Le jour des noces les maisons de l'épouse et du mari sont décorées de guirlandes de feuilles d'olivier et de laurier, et il y a sacrifice et banquet chez le père de la fiancée. Celle-ci y assiste, voilée, dans ses plus beaux atours, avec une couronne sur la tête ; elle est entourée de ses amies et elle a à ses côtés la nympheutria, une femme qui la dirige et l'assiste dans les cérémonies du mariage. Le fiancé, de même, a toujours auprès de lui son garçon d'honneur, le parochos.Bien entendu, dans la salle du banquet, les hommes sont placés à part des femmes.

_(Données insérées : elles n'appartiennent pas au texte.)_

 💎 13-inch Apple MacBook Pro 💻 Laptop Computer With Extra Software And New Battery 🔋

Le repas de noces comporte certains mets qui sont traditionnels, par exemple des gâteaux de sésame, gage de fécondité. Parmi les convives circule un jeune garçon dont les parents sont vivants, il offre le pain dans une corbeille en prononçant des mots rituels qui rappellent certaines formules des religions à mystères « J'ai fui le mal, j'ai trouvé le mieux. » A la fin du repas, la fiancée recevait des cadeaux. Peut-être alors se dévoilait-elle, mais ce n'est pas sûr.

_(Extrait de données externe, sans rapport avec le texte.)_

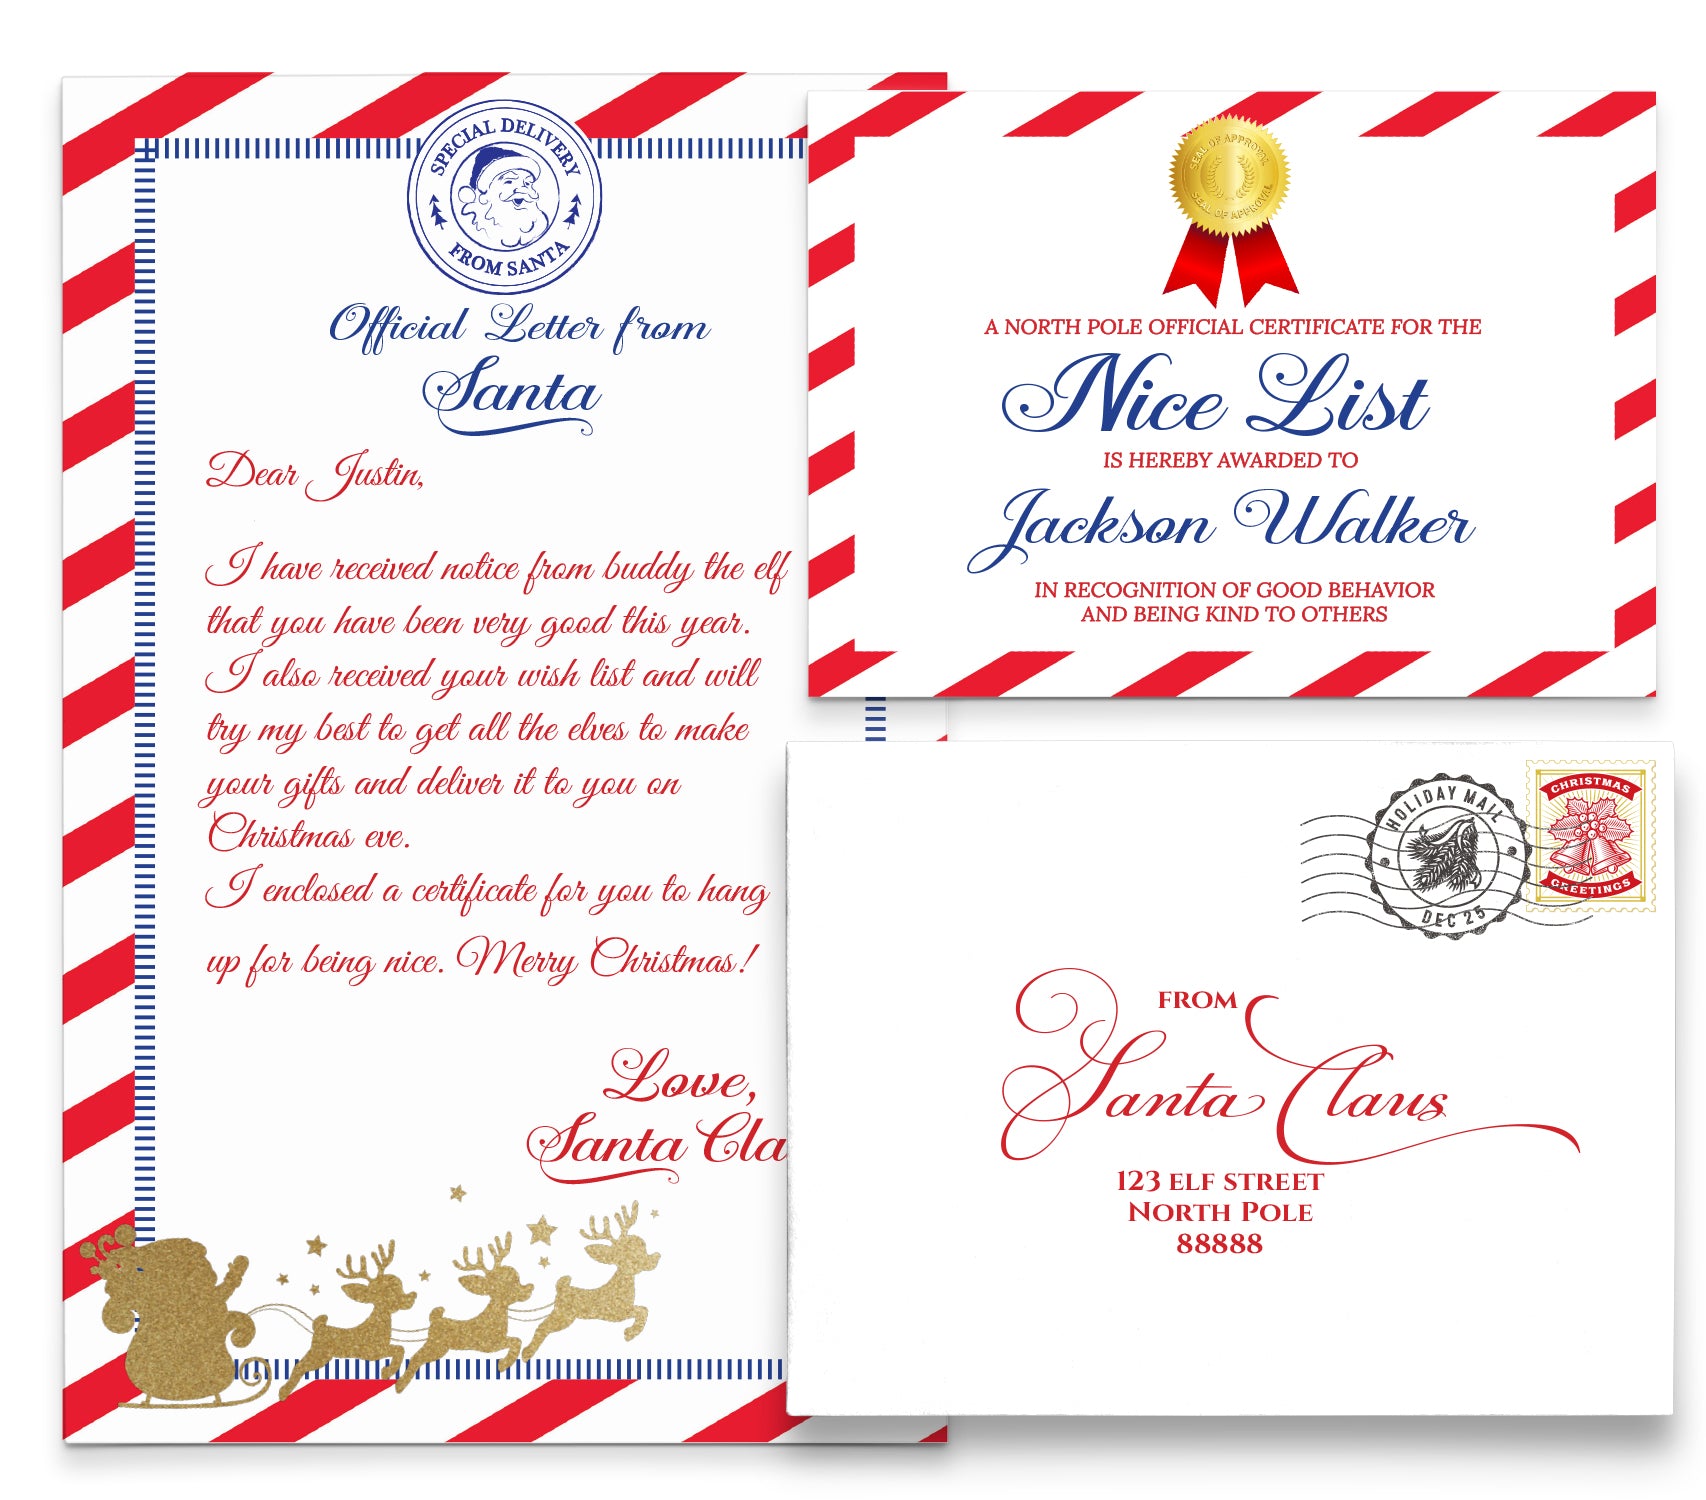 Personalized Christmas Santa Letters

Vers le soir enfin le cortège se formait, qui allait conduire la fiancée à sa nouvelle maison. Autrefois, ce transfert prenait les apparences d'un rapt, et cette tradition s'était conservée à Sparte : On se mariait à Lacédémone en enlevant sa femme. La jeune fille enlevée était remise aux mains d'une femme appelée nympheutria, qui lui coupait les cheveux ras, l'affublait d'un costume et de chaussures d'homme et la couchait sur une pail­lasse, seule et sans lumière. Le fiancé qui avait pris son repas en commun avec ses compagnons, comme d'habitude, entrait, lui déliait la ceinture et, la prenant dans ses bras, la portait sur le lit. Après avoir passé avec elle un temps assez court, il retournait ensuite dormir auprès de ses camarades (Plutarque).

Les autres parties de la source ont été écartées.